## DATA LISTING
+ + + +

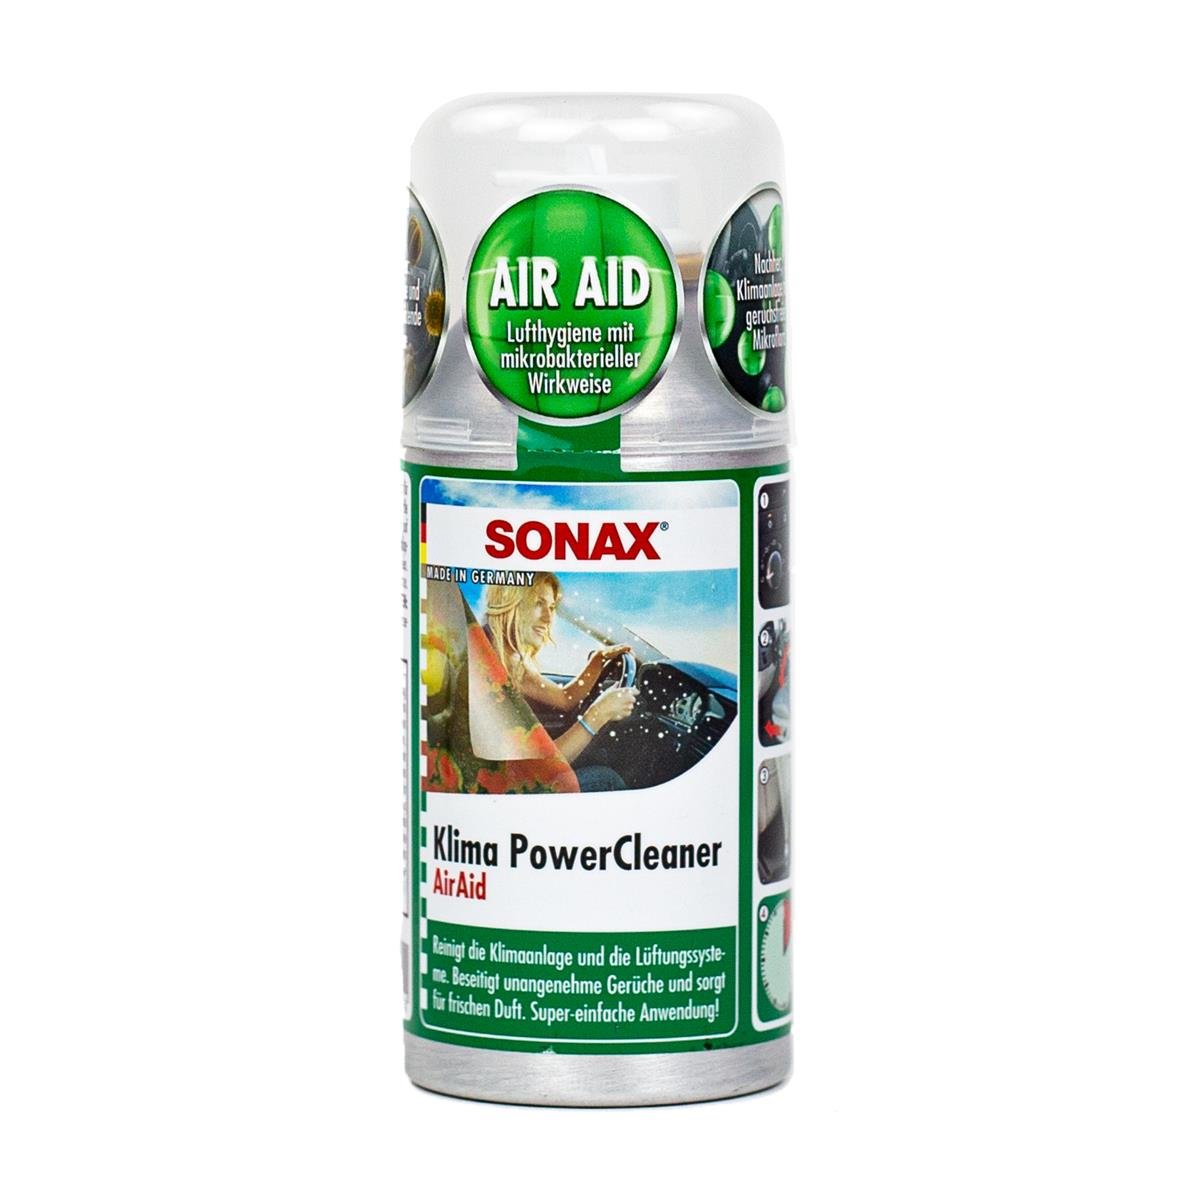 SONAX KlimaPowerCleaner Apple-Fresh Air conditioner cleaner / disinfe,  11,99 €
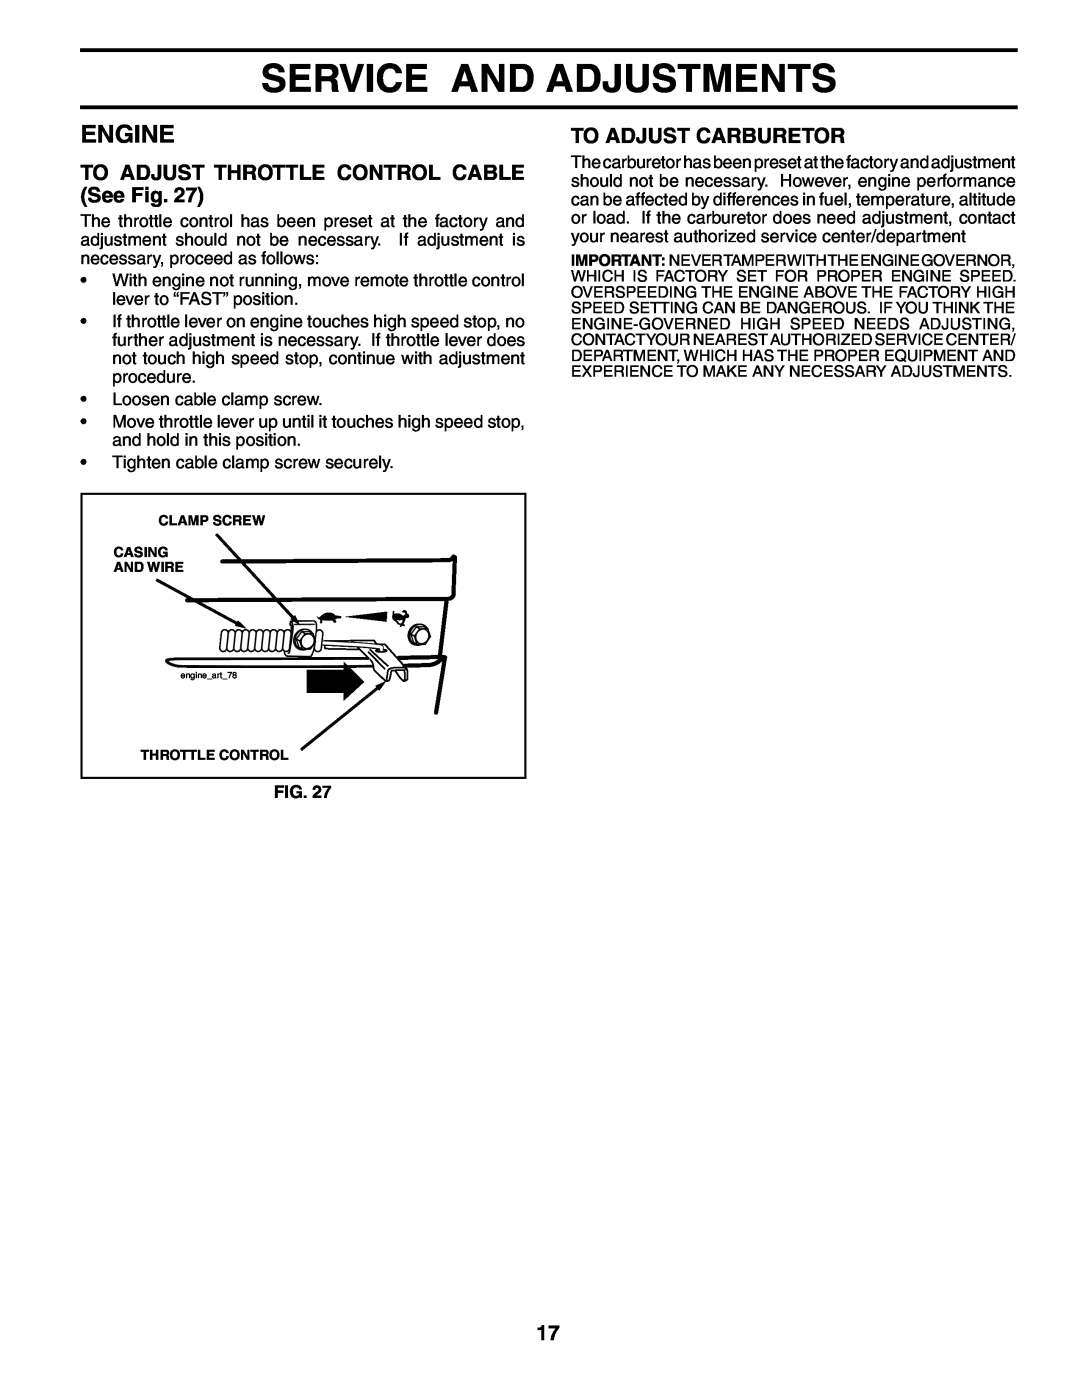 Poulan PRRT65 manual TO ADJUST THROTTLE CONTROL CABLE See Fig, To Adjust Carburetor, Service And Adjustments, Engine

+ + + +

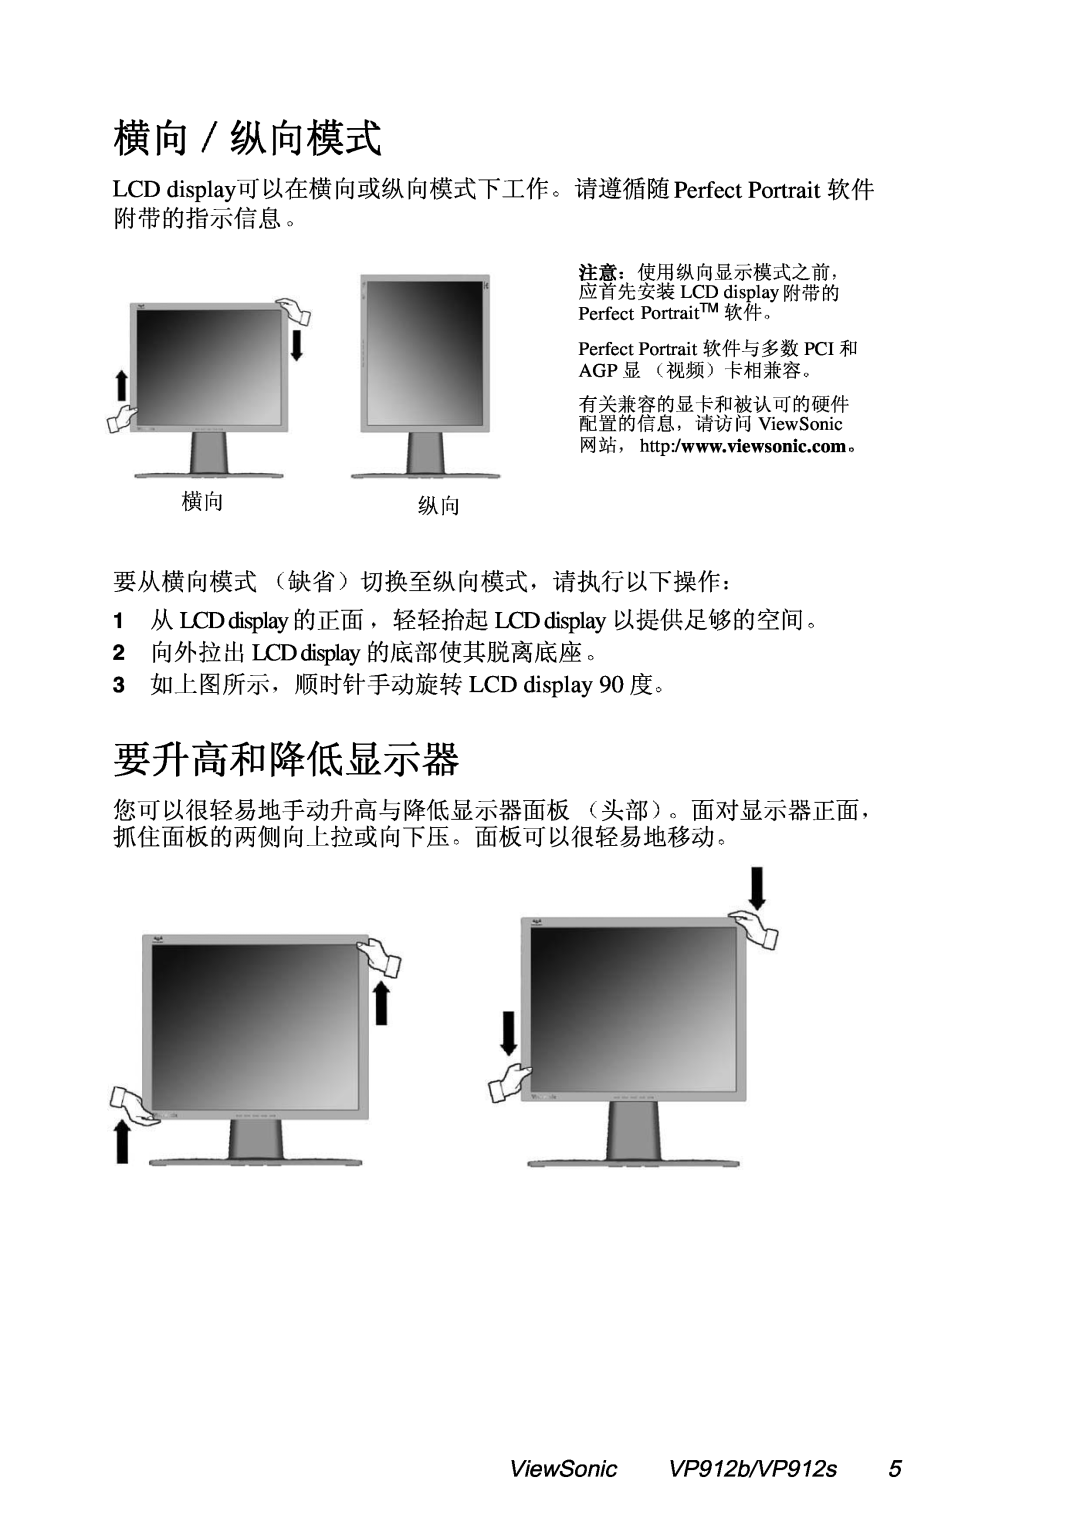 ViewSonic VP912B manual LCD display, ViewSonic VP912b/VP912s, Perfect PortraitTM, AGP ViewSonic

+ + + +

## TASK DETAILS
Using the entries above, repeat exactly the lines from the one with "SONAX KlimaPowerCleaner Apple-Fresh" to the one with "Poulan PRRT65 manual", both included, and leave the pictures behind.

## TASK RESULT
 SONAX KlimaPowerCleaner Apple-Fresh Air conditioner cleaner / disinfe,  11,99 €
 Poulan PRRT65 manual TO ADJUST THROTTLE CONTROL CABLE See Fig, To Adjust Carburetor, Service And Adjustments, Engine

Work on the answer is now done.